Required work: I would like every record below transcribed exactly as it is.

Given data:
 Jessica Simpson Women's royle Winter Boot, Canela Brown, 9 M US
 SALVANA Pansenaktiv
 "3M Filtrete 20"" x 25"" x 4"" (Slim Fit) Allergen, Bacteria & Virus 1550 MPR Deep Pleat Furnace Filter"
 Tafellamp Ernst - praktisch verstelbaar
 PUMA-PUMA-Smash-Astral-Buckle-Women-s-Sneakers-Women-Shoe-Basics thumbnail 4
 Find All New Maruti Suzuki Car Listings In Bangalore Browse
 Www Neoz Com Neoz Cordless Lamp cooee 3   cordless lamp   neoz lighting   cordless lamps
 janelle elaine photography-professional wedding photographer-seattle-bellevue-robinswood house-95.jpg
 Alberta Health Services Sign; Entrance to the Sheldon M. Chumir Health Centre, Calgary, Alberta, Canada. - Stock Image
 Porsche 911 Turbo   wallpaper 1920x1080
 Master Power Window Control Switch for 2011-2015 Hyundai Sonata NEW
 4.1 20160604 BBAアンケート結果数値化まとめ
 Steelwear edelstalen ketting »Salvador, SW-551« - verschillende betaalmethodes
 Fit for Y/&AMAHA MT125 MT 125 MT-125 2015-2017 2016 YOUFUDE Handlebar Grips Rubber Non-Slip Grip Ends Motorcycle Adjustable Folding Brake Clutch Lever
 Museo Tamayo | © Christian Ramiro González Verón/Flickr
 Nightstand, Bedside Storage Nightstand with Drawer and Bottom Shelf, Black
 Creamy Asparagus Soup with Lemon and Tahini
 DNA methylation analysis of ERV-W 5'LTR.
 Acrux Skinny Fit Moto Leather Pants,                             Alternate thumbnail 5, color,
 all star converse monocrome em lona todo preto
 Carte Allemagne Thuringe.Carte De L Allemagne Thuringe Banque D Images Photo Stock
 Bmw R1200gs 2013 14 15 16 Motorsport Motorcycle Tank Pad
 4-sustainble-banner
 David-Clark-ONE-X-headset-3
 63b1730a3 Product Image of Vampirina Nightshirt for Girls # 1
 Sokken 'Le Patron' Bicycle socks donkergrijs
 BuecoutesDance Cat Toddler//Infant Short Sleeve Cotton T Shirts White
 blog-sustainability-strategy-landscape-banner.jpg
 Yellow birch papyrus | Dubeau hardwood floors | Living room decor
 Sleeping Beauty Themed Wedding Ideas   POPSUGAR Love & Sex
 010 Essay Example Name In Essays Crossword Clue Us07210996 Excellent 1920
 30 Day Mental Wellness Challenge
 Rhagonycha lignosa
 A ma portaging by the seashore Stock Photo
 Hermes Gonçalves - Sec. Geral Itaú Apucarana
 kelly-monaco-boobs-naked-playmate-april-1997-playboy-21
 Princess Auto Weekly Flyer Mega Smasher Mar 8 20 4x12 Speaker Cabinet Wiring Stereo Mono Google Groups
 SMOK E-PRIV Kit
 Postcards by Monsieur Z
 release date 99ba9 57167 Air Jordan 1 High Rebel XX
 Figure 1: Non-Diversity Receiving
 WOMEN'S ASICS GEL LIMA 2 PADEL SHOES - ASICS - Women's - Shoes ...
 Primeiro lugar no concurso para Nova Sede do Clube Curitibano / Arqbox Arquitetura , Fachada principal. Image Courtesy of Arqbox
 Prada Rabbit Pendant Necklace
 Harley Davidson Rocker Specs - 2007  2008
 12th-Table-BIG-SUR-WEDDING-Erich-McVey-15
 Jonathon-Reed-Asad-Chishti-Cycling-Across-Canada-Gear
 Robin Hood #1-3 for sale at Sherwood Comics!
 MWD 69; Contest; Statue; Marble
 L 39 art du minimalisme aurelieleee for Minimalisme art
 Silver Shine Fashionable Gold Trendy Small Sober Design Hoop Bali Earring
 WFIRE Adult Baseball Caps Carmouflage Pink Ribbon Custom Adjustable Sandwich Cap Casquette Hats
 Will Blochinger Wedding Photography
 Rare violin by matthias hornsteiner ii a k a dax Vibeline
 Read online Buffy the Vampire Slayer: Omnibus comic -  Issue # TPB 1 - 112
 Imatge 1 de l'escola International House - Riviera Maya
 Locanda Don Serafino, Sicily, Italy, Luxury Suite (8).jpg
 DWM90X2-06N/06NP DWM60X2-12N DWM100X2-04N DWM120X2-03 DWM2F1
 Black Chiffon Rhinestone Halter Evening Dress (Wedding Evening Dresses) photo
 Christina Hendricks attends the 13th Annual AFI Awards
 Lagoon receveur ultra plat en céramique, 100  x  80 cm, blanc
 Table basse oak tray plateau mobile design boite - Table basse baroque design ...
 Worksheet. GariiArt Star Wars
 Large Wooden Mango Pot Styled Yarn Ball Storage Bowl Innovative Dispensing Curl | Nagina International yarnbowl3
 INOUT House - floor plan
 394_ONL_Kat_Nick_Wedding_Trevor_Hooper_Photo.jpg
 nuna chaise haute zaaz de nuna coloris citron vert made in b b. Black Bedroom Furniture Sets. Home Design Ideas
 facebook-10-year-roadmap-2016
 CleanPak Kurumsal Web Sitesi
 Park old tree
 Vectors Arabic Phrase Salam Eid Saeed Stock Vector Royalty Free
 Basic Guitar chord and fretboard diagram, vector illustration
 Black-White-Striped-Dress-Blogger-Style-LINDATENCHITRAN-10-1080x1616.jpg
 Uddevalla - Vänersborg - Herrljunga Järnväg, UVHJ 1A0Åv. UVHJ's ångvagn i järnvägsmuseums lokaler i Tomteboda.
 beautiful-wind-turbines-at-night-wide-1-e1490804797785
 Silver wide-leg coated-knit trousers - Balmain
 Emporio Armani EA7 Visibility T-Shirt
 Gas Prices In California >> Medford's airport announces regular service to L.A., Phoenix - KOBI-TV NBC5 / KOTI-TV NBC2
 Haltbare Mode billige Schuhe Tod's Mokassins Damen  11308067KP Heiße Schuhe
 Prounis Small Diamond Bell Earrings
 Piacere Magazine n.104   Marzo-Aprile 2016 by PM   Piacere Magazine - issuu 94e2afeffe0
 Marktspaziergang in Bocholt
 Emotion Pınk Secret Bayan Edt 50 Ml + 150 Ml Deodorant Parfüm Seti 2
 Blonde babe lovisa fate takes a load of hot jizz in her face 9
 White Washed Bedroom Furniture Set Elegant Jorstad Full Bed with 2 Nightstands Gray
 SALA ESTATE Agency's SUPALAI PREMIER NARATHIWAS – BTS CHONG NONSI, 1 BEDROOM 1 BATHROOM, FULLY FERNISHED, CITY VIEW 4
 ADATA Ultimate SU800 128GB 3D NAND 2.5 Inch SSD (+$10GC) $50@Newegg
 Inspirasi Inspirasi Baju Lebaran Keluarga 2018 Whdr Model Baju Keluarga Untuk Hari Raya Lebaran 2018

Response box:
 Jessica Simpson Women's royle Winter Boot, Canela Brown, 9 M US
 SALVANA Pansenaktiv
 "3M Filtrete 20"" x 25"" x 4"" (Slim Fit) Allergen, Bacteria & Virus 1550 MPR Deep Pleat Furnace Filter"
 Tafellamp Ernst - praktisch verstelbaar
 PUMA-PUMA-Smash-Astral-Buckle-Women-s-Sneakers-Women-Shoe-Basics thumbnail 4
 Find All New Maruti Suzuki Car Listings In Bangalore Browse
 Www Neoz Com Neoz Cordless Lamp cooee 3   cordless lamp   neoz lighting   cordless lamps
 janelle elaine photography-professional wedding photographer-seattle-bellevue-robinswood house-95.jpg
 Alberta Health Services Sign; Entrance to the Sheldon M. Chumir Health Centre, Calgary, Alberta, Canada. - Stock Image
 Porsche 911 Turbo   wallpaper 1920x1080
 Master Power Window Control Switch for 2011-2015 Hyundai Sonata NEW
 4.1 20160604 BBAアンケート結果数値化まとめ
 Steelwear edelstalen ketting »Salvador, SW-551« - verschillende betaalmethodes
 Fit for Y/&AMAHA MT125 MT 125 MT-125 2015-2017 2016 YOUFUDE Handlebar Grips Rubber Non-Slip Grip Ends Motorcycle Adjustable Folding Brake Clutch Lever
 Museo Tamayo | © Christian Ramiro González Verón/Flickr
 Nightstand, Bedside Storage Nightstand with Drawer and Bottom Shelf, Black
 Creamy Asparagus Soup with Lemon and Tahini
 DNA methylation analysis of ERV-W 5'LTR.
 Acrux Skinny Fit Moto Leather Pants,                             Alternate thumbnail 5, color,
 all star converse monocrome em lona todo preto
 Carte Allemagne Thuringe.Carte De L Allemagne Thuringe Banque D Images Photo Stock
 Bmw R1200gs 2013 14 15 16 Motorsport Motorcycle Tank Pad
 4-sustainble-banner
 David-Clark-ONE-X-headset-3
 63b1730a3 Product Image of Vampirina Nightshirt for Girls # 1
 Sokken 'Le Patron' Bicycle socks donkergrijs
 BuecoutesDance Cat Toddler//Infant Short Sleeve Cotton T Shirts White
 blog-sustainability-strategy-landscape-banner.jpg
 Yellow birch papyrus | Dubeau hardwood floors | Living room decor
 Sleeping Beauty Themed Wedding Ideas   POPSUGAR Love & Sex
 010 Essay Example Name In Essays Crossword Clue Us07210996 Excellent 1920
 30 Day Mental Wellness Challenge
 Rhagonycha lignosa
 A ma portaging by the seashore Stock Photo
 Hermes Gonçalves - Sec. Geral Itaú Apucarana
 kelly-monaco-boobs-naked-playmate-april-1997-playboy-21
 Princess Auto Weekly Flyer Mega Smasher Mar 8 20 4x12 Speaker Cabinet Wiring Stereo Mono Google Groups
 SMOK E-PRIV Kit
 Postcards by Monsieur Z
 release date 99ba9 57167 Air Jordan 1 High Rebel XX
 Figure 1: Non-Diversity Receiving
 WOMEN'S ASICS GEL LIMA 2 PADEL SHOES - ASICS - Women's - Shoes ...
 Primeiro lugar no concurso para Nova Sede do Clube Curitibano / Arqbox Arquitetura , Fachada principal. Image Courtesy of Arqbox
 Prada Rabbit Pendant Necklace
 Harley Davidson Rocker Specs - 2007  2008
 12th-Table-BIG-SUR-WEDDING-Erich-McVey-15
 Jonathon-Reed-Asad-Chishti-Cycling-Across-Canada-Gear
 Robin Hood #1-3 for sale at Sherwood Comics!
 MWD 69; Contest; Statue; Marble
 L 39 art du minimalisme aurelieleee for Minimalisme art
 Silver Shine Fashionable Gold Trendy Small Sober Design Hoop Bali Earring
 WFIRE Adult Baseball Caps Carmouflage Pink Ribbon Custom Adjustable Sandwich Cap Casquette Hats
 Will Blochinger Wedding Photography
 Rare violin by matthias hornsteiner ii a k a dax Vibeline
 Read online Buffy the Vampire Slayer: Omnibus comic -  Issue # TPB 1 - 112
 Imatge 1 de l'escola International House - Riviera Maya
 Locanda Don Serafino, Sicily, Italy, Luxury Suite (8).jpg
 DWM90X2-06N/06NP DWM60X2-12N DWM100X2-04N DWM120X2-03 DWM2F1
 Black Chiffon Rhinestone Halter Evening Dress (Wedding Evening Dresses) photo
 Christina Hendricks attends the 13th Annual AFI Awards
 Lagoon receveur ultra plat en céramique, 100  x  80 cm, blanc
 Table basse oak tray plateau mobile design boite - Table basse baroque design ...
 Worksheet. GariiArt Star Wars
 Large Wooden Mango Pot Styled Yarn Ball Storage Bowl Innovative Dispensing Curl | Nagina International yarnbowl3
 INOUT House - floor plan
 394_ONL_Kat_Nick_Wedding_Trevor_Hooper_Photo.jpg
 nuna chaise haute zaaz de nuna coloris citron vert made in b b. Black Bedroom Furniture Sets. Home Design Ideas
 facebook-10-year-roadmap-2016
 CleanPak Kurumsal Web Sitesi
 Park old tree
 Vectors Arabic Phrase Salam Eid Saeed Stock Vector Royalty Free
 Basic Guitar chord and fretboard diagram, vector illustration
 Black-White-Striped-Dress-Blogger-Style-LINDATENCHITRAN-10-1080x1616.jpg
 Uddevalla - Vänersborg - Herrljunga Järnväg, UVHJ 1A0Åv. UVHJ's ångvagn i järnvägsmuseums lokaler i Tomteboda.
 beautiful-wind-turbines-at-night-wide-1-e1490804797785
 Silver wide-leg coated-knit trousers - Balmain
 Emporio Armani EA7 Visibility T-Shirt
 Gas Prices In California >> Medford's airport announces regular service to L.A., Phoenix - KOBI-TV NBC5 / KOTI-TV NBC2
 Haltbare Mode billige Schuhe Tod's Mokassins Damen  11308067KP Heiße Schuhe
 Prounis Small Diamond Bell Earrings
 Piacere Magazine n.104   Marzo-Aprile 2016 by PM   Piacere Magazine - issuu 94e2afeffe0
 Marktspaziergang in Bocholt
 Emotion Pınk Secret Bayan Edt 50 Ml + 150 Ml Deodorant Parfüm Seti 2
 Blonde babe lovisa fate takes a load of hot jizz in her face 9
 White Washed Bedroom Furniture Set Elegant Jorstad Full Bed with 2 Nightstands Gray
 SALA ESTATE Agency's SUPALAI PREMIER NARATHIWAS – BTS CHONG NONSI, 1 BEDROOM 1 BATHROOM, FULLY FERNISHED, CITY VIEW 4
 ADATA Ultimate SU800 128GB 3D NAND 2.5 Inch SSD (+$10GC) $50@Newegg
 Inspirasi Inspirasi Baju Lebaran Keluarga 2018 Whdr Model Baju Keluarga Untuk Hari Raya Lebaran 2018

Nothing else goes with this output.